-------- DATA LISTING

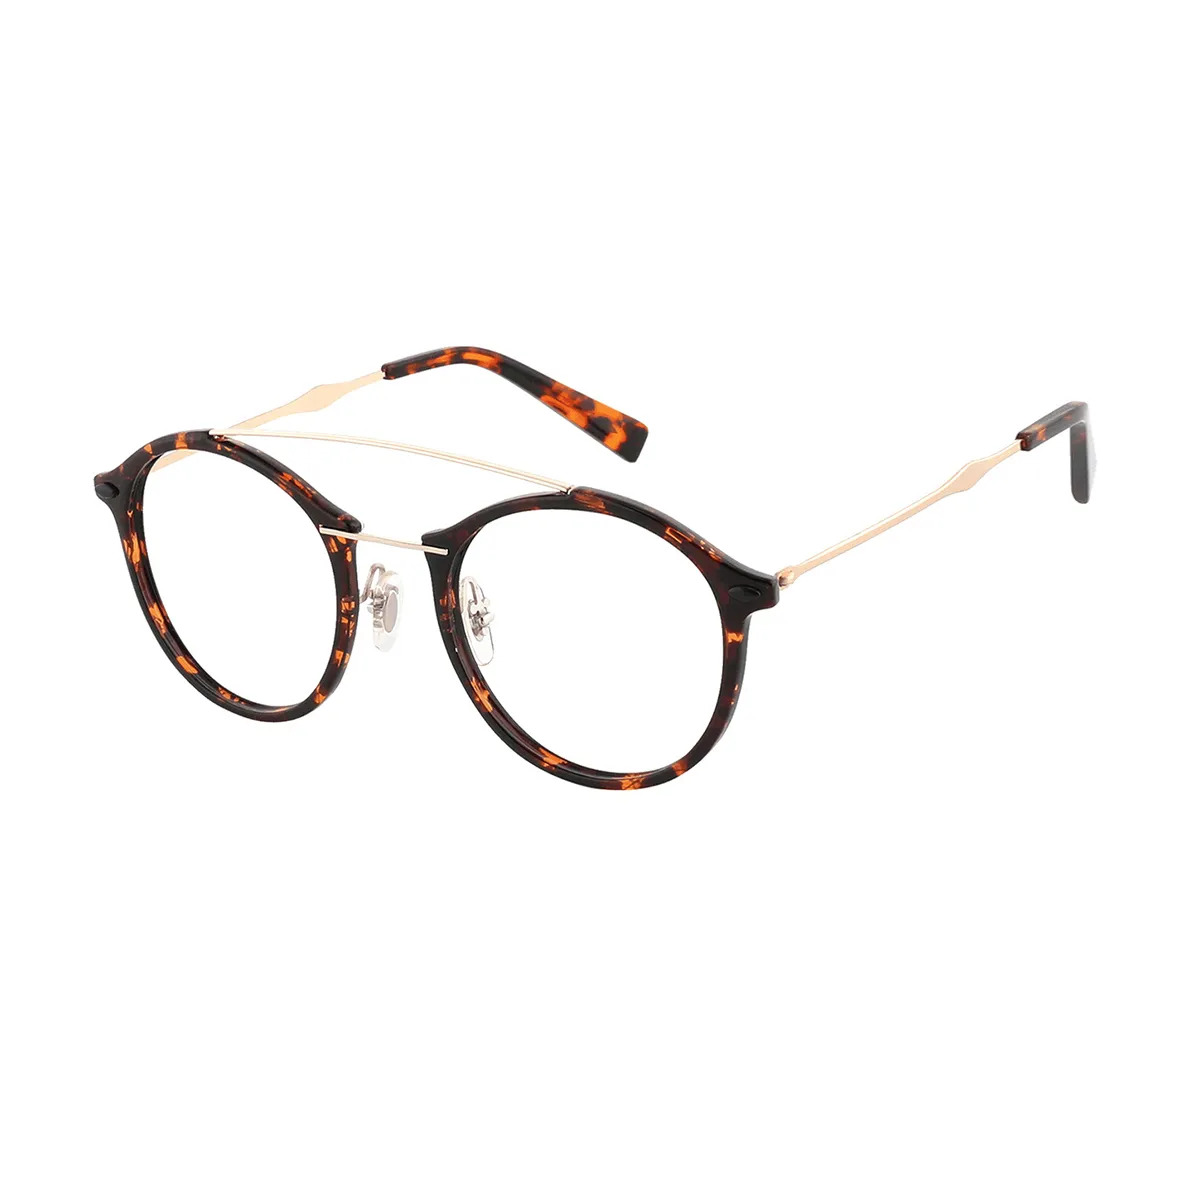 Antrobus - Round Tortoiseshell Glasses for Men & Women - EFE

----------------
-------- DATA LISTING

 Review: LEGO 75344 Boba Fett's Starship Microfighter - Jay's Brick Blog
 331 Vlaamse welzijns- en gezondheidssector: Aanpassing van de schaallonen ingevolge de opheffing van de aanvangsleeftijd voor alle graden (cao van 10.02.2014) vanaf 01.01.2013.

----------------

» EXERCISE AIM
Return exactly, and only, the lines above starting at the line that contains "Review: LEGO 75344" and ending at the line that contains "331 Vlaamse welzijns- en".

» TASK RESPONSE
 Review: LEGO 75344 Boba Fett's Starship Microfighter - Jay's Brick Blog
 331 Vlaamse welzijns- en gezondheidssector: Aanpassing van de schaallonen ingevolge de opheffing van de aanvangsleeftijd voor alle graden (cao van 10.02.2014) vanaf 01.01.2013.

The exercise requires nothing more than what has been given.